Einzelne Songs hervorzuheben würde der großen Klasse dessen nicht gerecht werden, was da auf der Bühne geboten wurde. Wenn sich da aber etwa nach der Pause aus einem scheinbar belanglosen Solo-Geplänkel am Bass heraus, nach und nach einer jener altbekannten Jazz-Gassenhauer entwickelte, „St. James‘ Infirmary“, die man dann jedoch nur an der immer wieder lediglich rudimentär angedeuteten Melodie erkannte, während die Musiker sich in ihren Soli kurzzeitig verloren, nur um dann direkt wieder zueinander zu finden, dann wurde einem klar, dass hier schlicht und ergreifend grandiose Techniker und leidenschaftliche Kreativköpfe miteinander musizierten. Bei aller Virtuosität, bei aller Klasse und bei aller – versteckten und offenen – Leidenschaft, die die fünf Musiker an den Tag legten, war es ein Abend, der insgesamt dem Titel des vorgestellten Albums gerecht wurde.

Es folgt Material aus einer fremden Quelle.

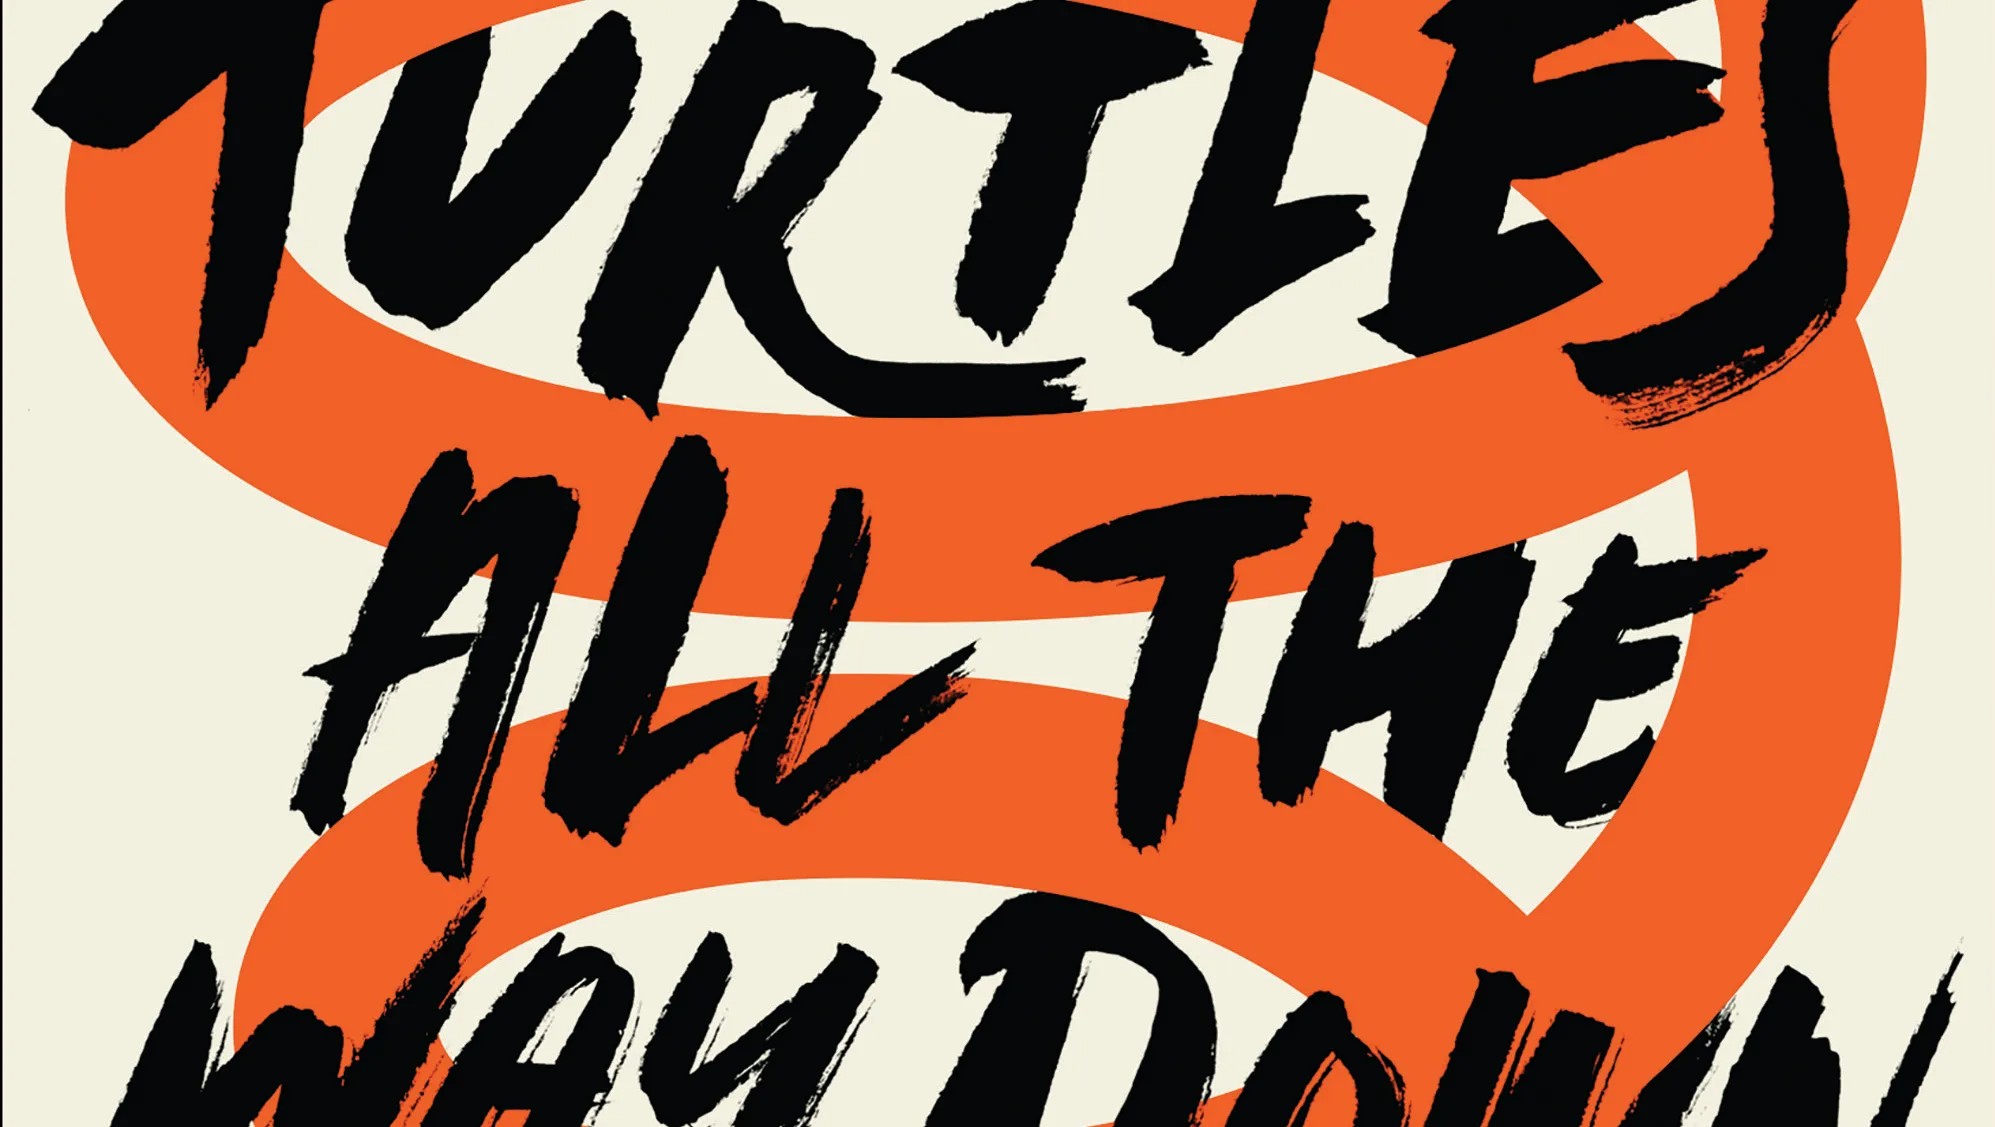 Turtles All the Way Down' Movie Details: Cast, Date, and More!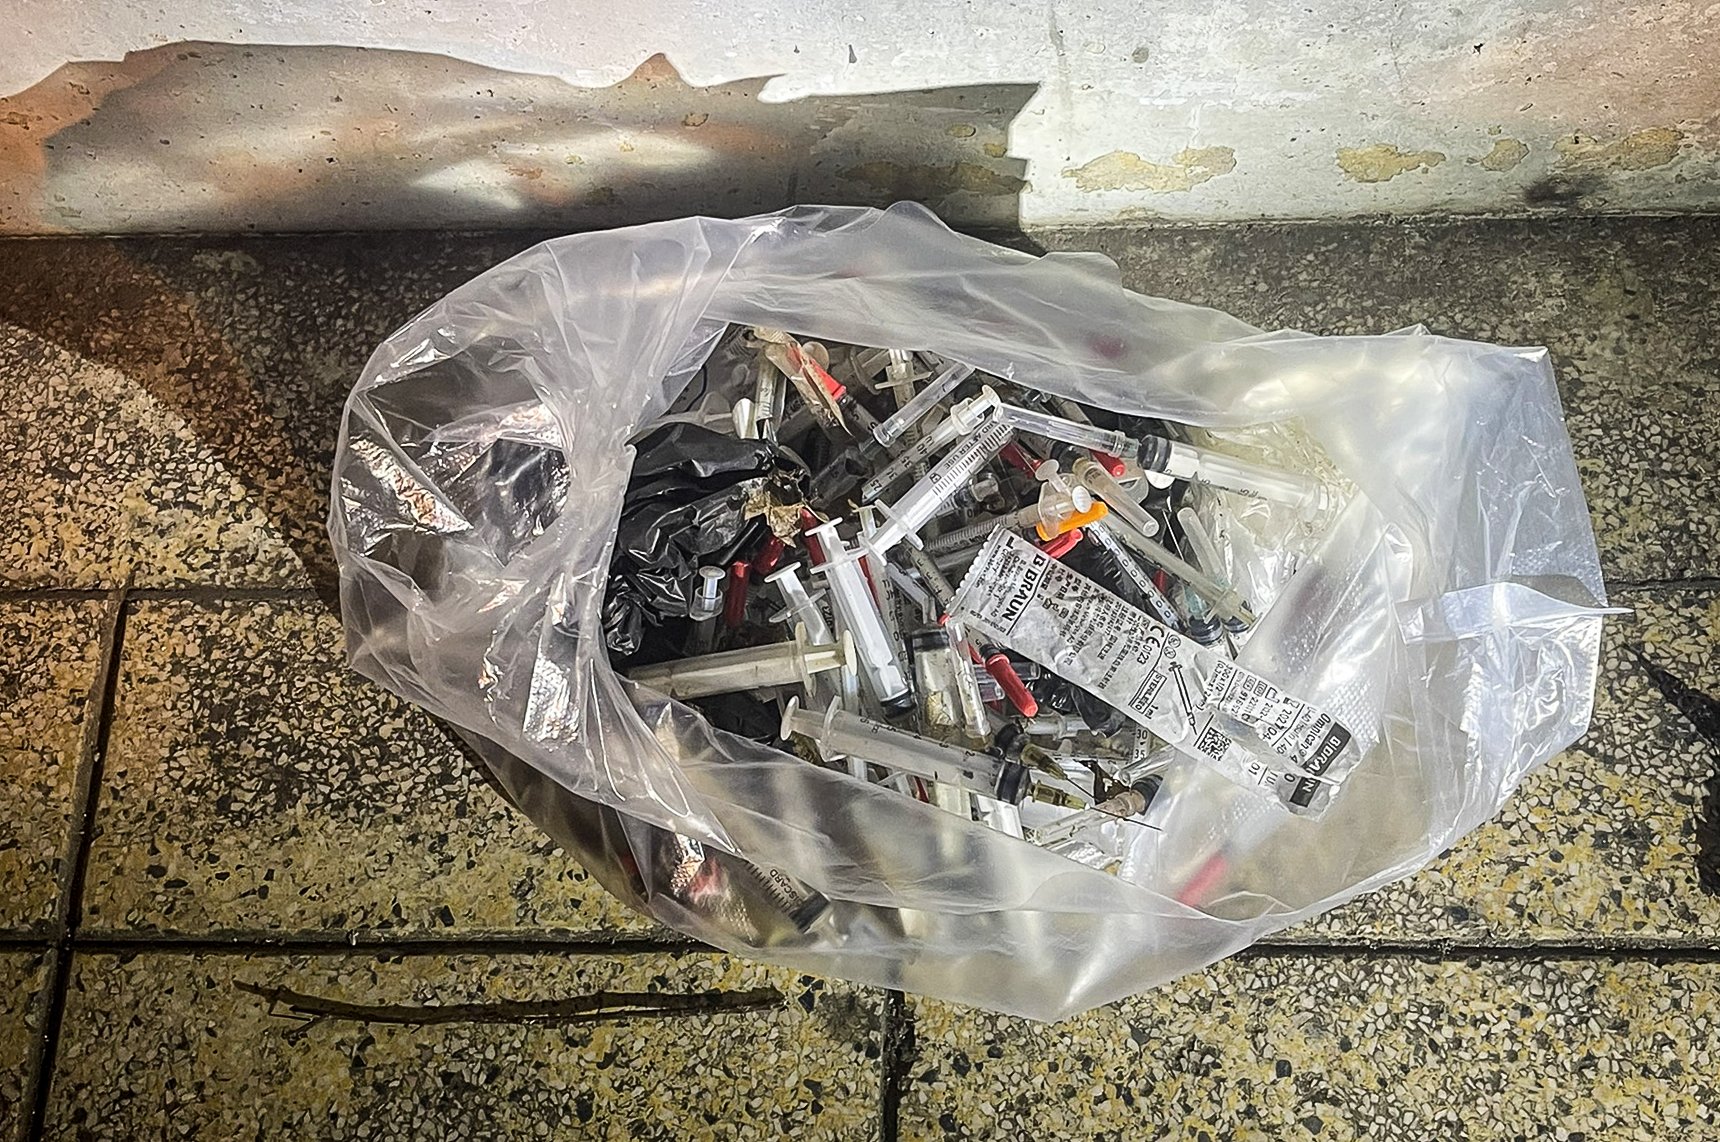 This supplied photo shows a plastic bag of used syringes collected by staff of the People's Committee of Ward 13 in Binh Thanh District, Ho Chi Minh City.

Im positiven Sinne relaxed, ohne Hektik, Stress oder übertriebene Selbstdarstellung musizierte das Quintett sich durch einen abwechslungsreichen Set, der nach rund zwei Stunden mit einer ebenfalls sozusagen verschnafften Version der quirligsten Liebeserklärung des großen Ray Charles, „Halleluja I Love Her So“, ihr vorläufiges Ende nahm. Ein idealer Rausschmeißer, eigentlich. Aber natürlich ließ das Publikum die Musiker nicht ohne Zugaben an den Zapfhahn gehen. Ehe es also auch für die Band hieß: „Relaxin‘ In Wipperfürth“, spielten die Wasserfuhrs zusammen mit Brinkmann noch einen Song als Trio. „Knot In The Belly“ entließ das Publikum dann wahrhaft entspannt in die Nacht. Oder an den Tresen. Auf jeden Fall aber glücklich.